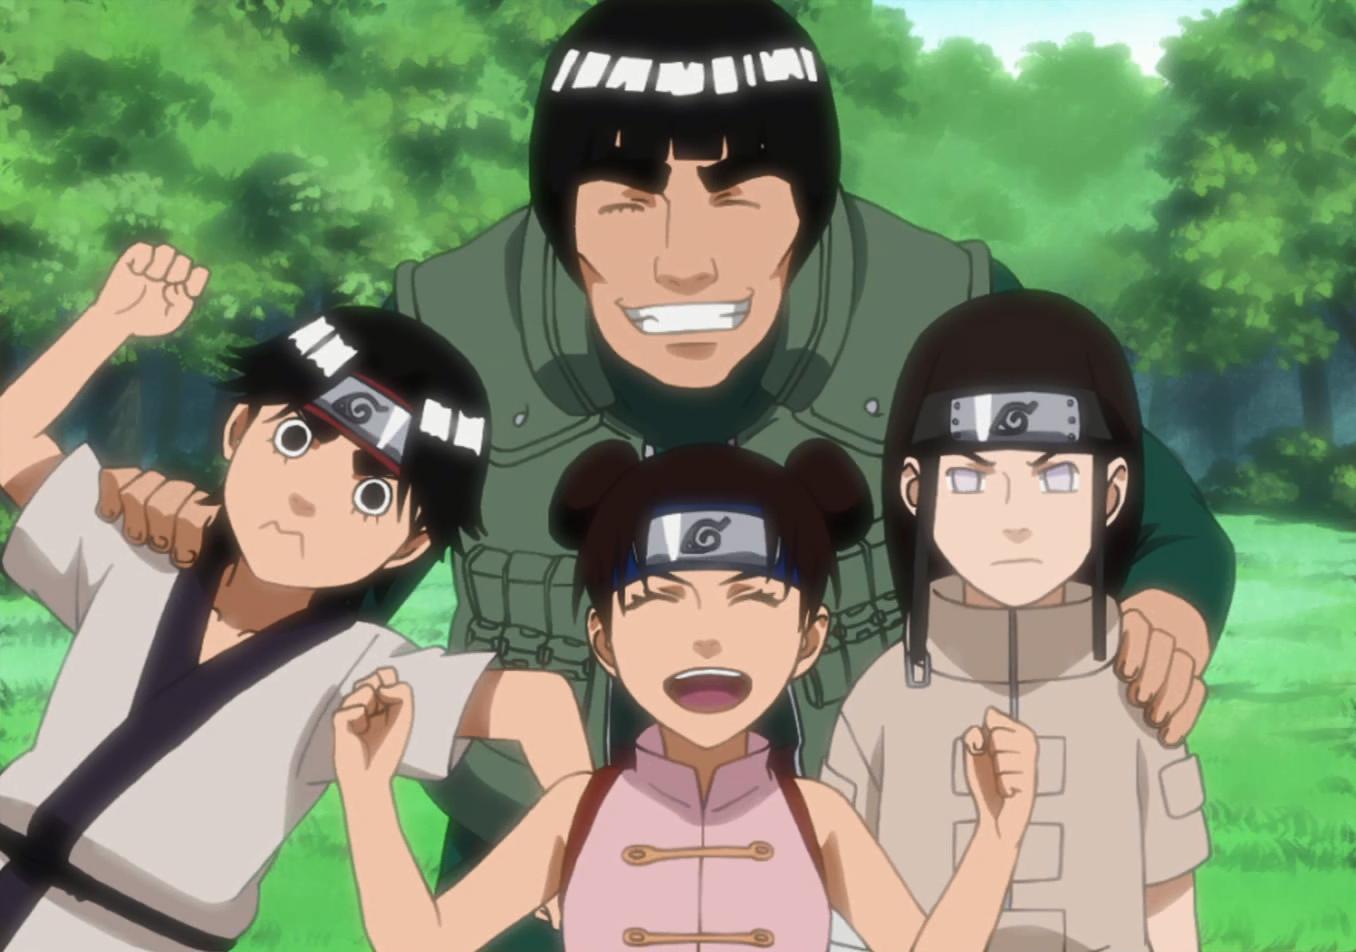 Naruto OC Team by Hanesihiko on DeviantArt
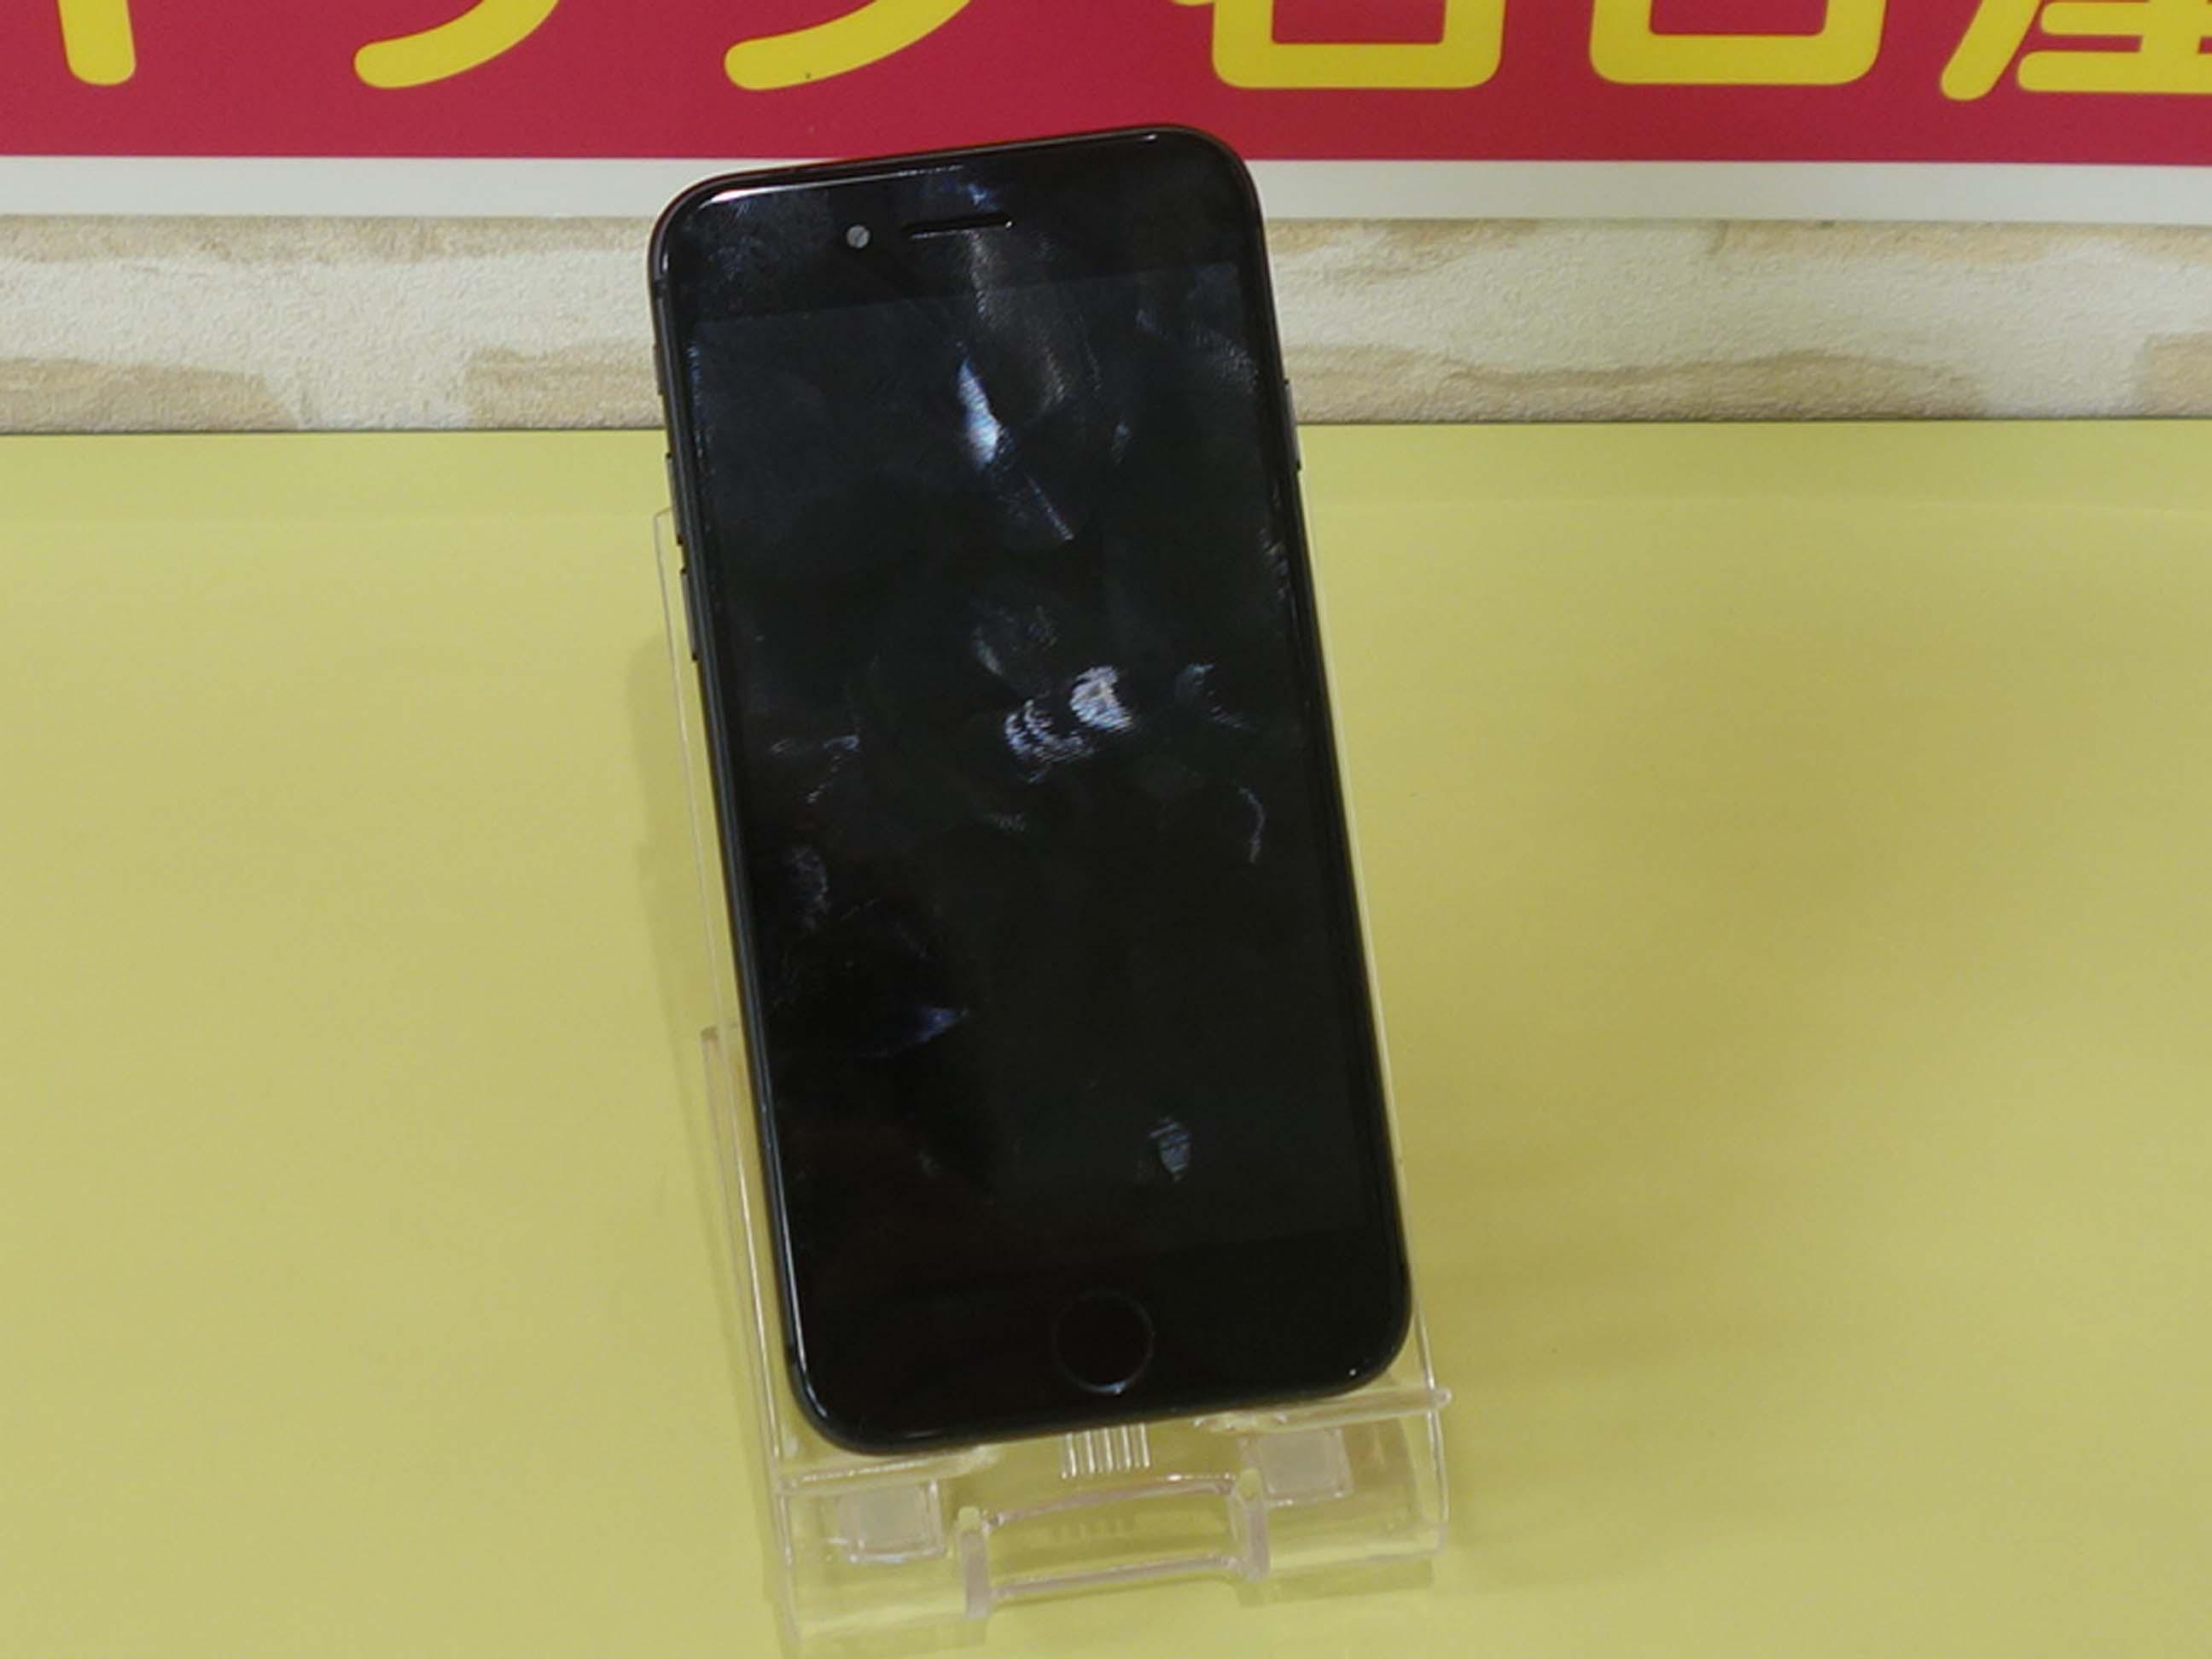 アイフォン水没修理のクイック名古屋
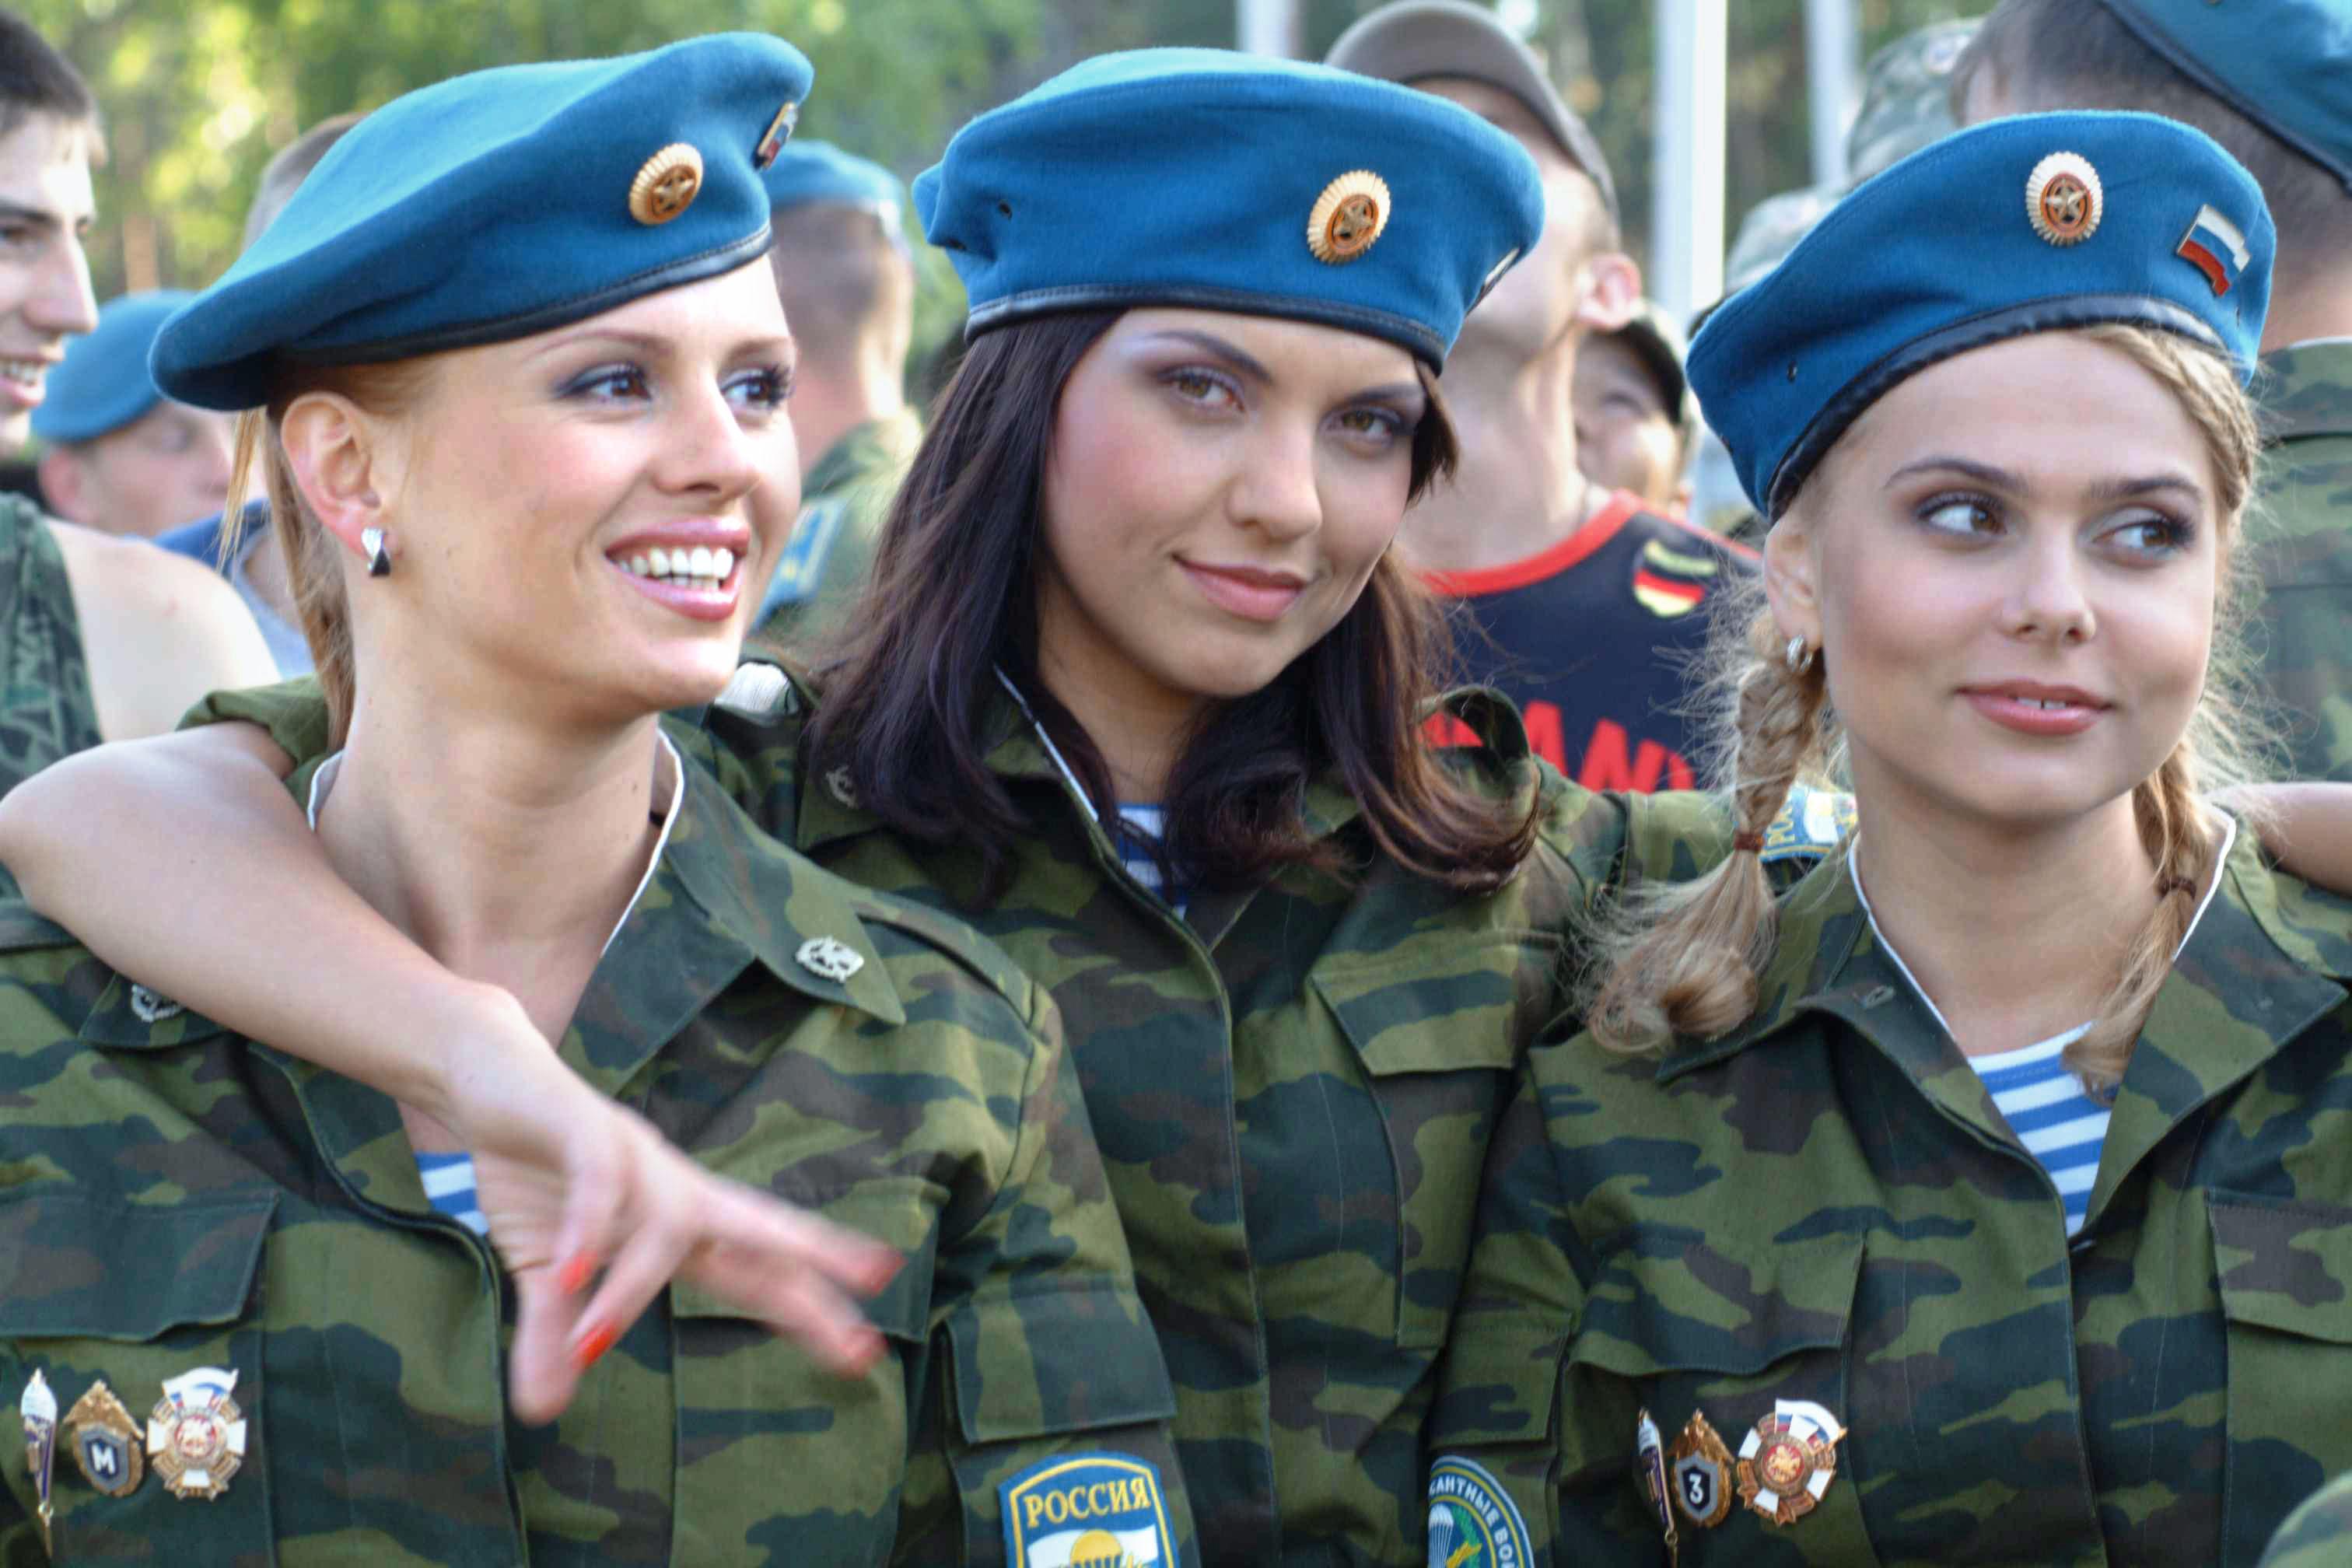 Руское сех без регистрации 19 фотография
---
Task objective: Every line of the data should be copied as it stands, without the images.

Response:
 Naruto OC Team by Hanesihiko on DeviantArt
 アイフォン水没修理のクイック名古屋
 Руское сех без регистрации 19 фотография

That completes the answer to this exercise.